Records drawn from a dataset
------------------------------------------------------------

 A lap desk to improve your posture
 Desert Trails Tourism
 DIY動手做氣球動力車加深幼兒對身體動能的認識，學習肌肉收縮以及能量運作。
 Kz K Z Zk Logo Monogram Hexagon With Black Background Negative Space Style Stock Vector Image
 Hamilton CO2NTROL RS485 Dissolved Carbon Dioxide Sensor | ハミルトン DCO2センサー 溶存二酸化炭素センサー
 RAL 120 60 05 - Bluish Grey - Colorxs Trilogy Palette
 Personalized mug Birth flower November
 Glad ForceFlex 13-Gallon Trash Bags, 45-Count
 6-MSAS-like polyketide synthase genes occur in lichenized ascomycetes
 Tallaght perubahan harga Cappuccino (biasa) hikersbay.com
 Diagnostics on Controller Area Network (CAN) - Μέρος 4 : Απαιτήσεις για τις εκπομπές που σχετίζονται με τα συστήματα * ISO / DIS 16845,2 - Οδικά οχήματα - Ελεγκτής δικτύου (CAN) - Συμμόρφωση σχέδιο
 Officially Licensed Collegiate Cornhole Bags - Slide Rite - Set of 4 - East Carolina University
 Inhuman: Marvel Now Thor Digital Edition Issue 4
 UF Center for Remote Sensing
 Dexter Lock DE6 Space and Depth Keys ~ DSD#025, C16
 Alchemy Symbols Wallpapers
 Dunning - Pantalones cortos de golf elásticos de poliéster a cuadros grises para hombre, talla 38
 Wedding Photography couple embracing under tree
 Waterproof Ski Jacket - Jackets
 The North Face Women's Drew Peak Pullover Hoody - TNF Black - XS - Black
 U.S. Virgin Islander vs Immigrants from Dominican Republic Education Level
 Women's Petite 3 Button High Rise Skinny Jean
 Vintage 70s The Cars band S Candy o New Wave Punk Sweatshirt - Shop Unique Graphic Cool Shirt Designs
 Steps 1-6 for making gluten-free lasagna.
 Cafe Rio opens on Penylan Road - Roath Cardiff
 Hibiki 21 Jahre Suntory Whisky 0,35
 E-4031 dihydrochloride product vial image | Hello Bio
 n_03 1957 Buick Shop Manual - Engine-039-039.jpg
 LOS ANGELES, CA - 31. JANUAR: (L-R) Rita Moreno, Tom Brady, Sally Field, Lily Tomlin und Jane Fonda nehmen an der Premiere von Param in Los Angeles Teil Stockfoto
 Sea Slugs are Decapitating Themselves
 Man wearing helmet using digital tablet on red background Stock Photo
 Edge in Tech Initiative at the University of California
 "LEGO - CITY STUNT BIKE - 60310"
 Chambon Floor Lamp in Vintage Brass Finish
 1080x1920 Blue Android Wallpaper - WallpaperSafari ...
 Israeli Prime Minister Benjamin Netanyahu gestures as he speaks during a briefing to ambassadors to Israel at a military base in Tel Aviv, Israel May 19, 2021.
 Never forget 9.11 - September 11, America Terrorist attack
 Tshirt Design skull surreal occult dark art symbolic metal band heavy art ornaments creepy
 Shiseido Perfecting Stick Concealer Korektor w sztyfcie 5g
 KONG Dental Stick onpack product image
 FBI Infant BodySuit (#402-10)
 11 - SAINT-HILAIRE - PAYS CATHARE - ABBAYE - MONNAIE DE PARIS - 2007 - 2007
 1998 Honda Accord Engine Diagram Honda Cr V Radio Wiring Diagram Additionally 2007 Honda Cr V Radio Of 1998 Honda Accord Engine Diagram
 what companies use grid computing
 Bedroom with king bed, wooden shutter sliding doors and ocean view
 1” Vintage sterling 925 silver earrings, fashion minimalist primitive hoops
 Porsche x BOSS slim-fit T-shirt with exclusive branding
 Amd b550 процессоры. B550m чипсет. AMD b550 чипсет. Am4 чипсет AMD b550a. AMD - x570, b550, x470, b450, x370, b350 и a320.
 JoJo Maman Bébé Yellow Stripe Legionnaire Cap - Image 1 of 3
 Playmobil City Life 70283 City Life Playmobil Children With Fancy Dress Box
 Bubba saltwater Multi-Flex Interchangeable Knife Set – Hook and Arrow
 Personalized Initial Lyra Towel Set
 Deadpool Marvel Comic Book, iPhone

------------------------------------------------------------

Task to carry out:
The answer must be every line of the data that holds the word "Bags".

Reply:
 Glad ForceFlex 13-Gallon Trash Bags, 45-Count
 Officially Licensed Collegiate Cornhole Bags - Slide Rite - Set of 4 - East Carolina University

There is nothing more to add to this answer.